I'm with you - keep in primary for the 3-weeks. Anything less than a month and I won't even consider racking.
 
^^^^I don't use a secondary unless I'm adding something. Let it sit in primary for a few weeks and let the yeast work would be my advice. Though if you are wanting to secondary, you'd be OK doing it now.

Cheers!
 
I have an oatmeal stout sitting at 3 weeks wright now in the primary. Not planning on shifting it to a secondary. How long should I let it sit. I was thinking about 4-5 weeks before I bottle.
 
my oatmeal stout spent three or four weeks (don't make me do math) in primary, just bottled friday and will probably need at least a month to be drinkable
compare this to a pale ale where you can get away with two weeks and three weeks easily
don't rush it!
 
I'm not a fan of the ultra-long primary. I usually package my beers by week three, sometimes earlier.

If a beer has been at FG for a while, and is clear, it's ready to be packaged. It can always get more time conditioning in the bottle. I don't like to bottle too early, though, while the beer isn't clear as then you get more gunk in the bottle.
 
I'm not a fan of the ultra-long primary. I usually package my beers by week three, sometimes earlier.

If a beer has been at FG for a while, and is clear, it's ready to be packaged. It can always get more time conditioning in the bottle. I don't like to bottle too early, though, while the beer isn't clear as then you get more gunk in the bottle.

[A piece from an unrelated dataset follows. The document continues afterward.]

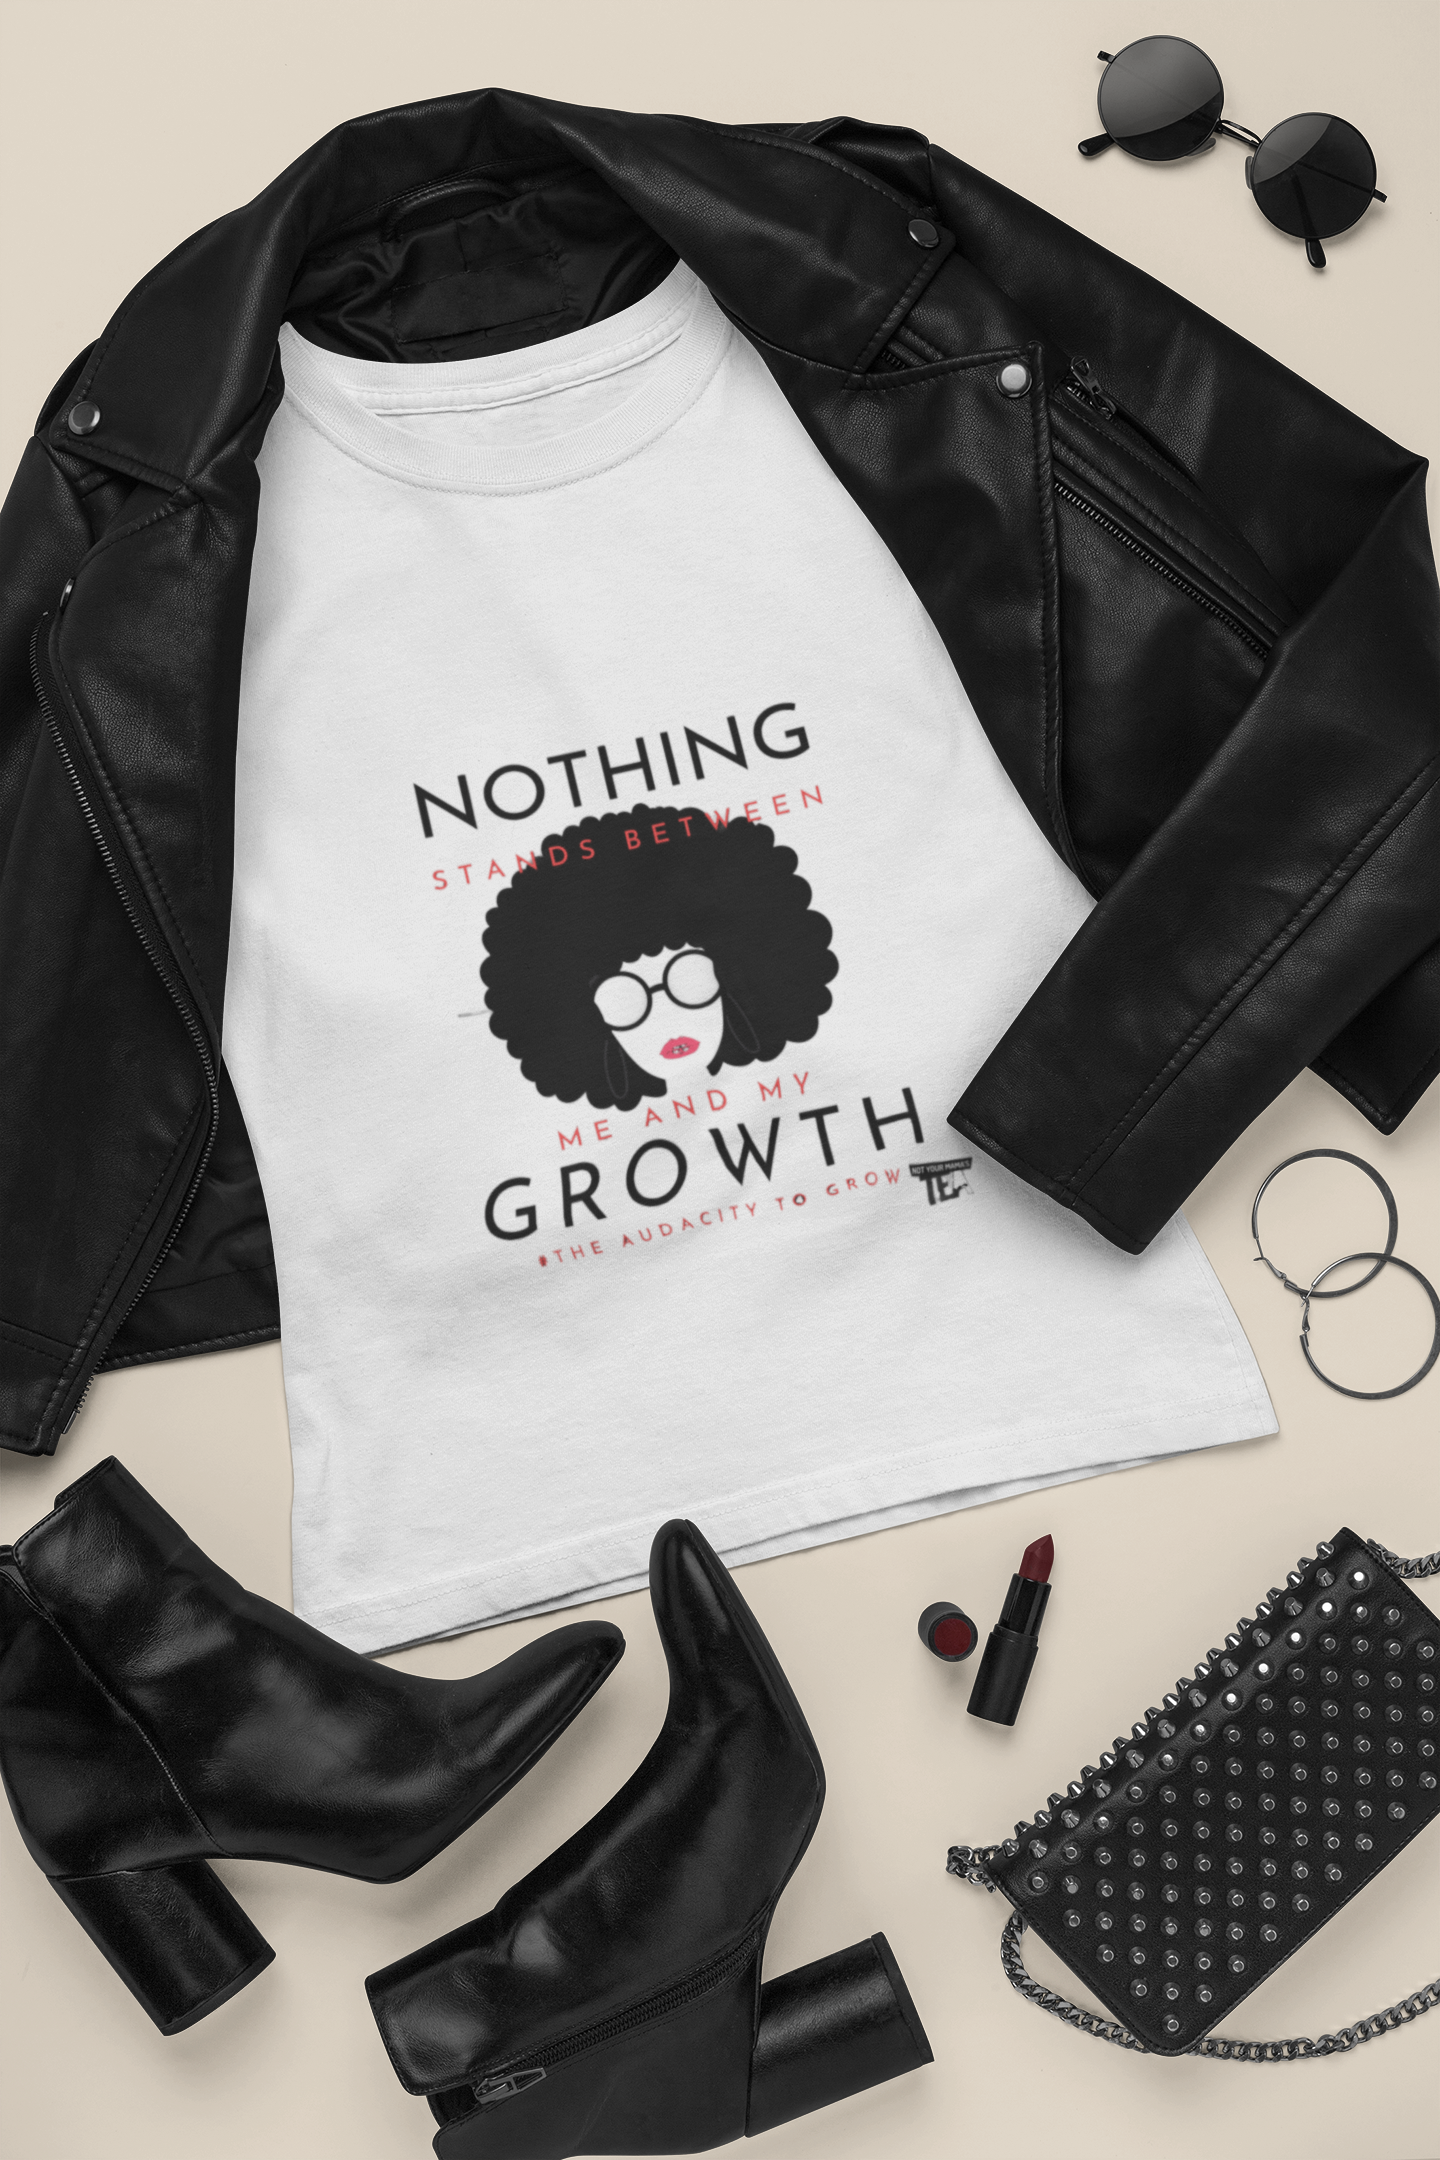 outfit-mockup-featuring-a-t-shirt-surrounded-by-dark-leather-girly-garments-26395

What would you say for a beer that is going to be kegged? This beer has users saying 4 months is how long it needs to condition... would you do 3 weeks in primary, and 9 in secondary, or 3 weeks in primary and 9 in a pressurized keg?
 
I go with 3 weeks in primary and 9 weeks in a pressurized keg, but it pretty much is personal preference/experience as to which works for you.
 
My oatmeal stout was in primary 3 weeks, then bottled. Very clear. After one week in bottle I popped one. Very smooth and tasty!!! Cant wait to try one after 2 weeks!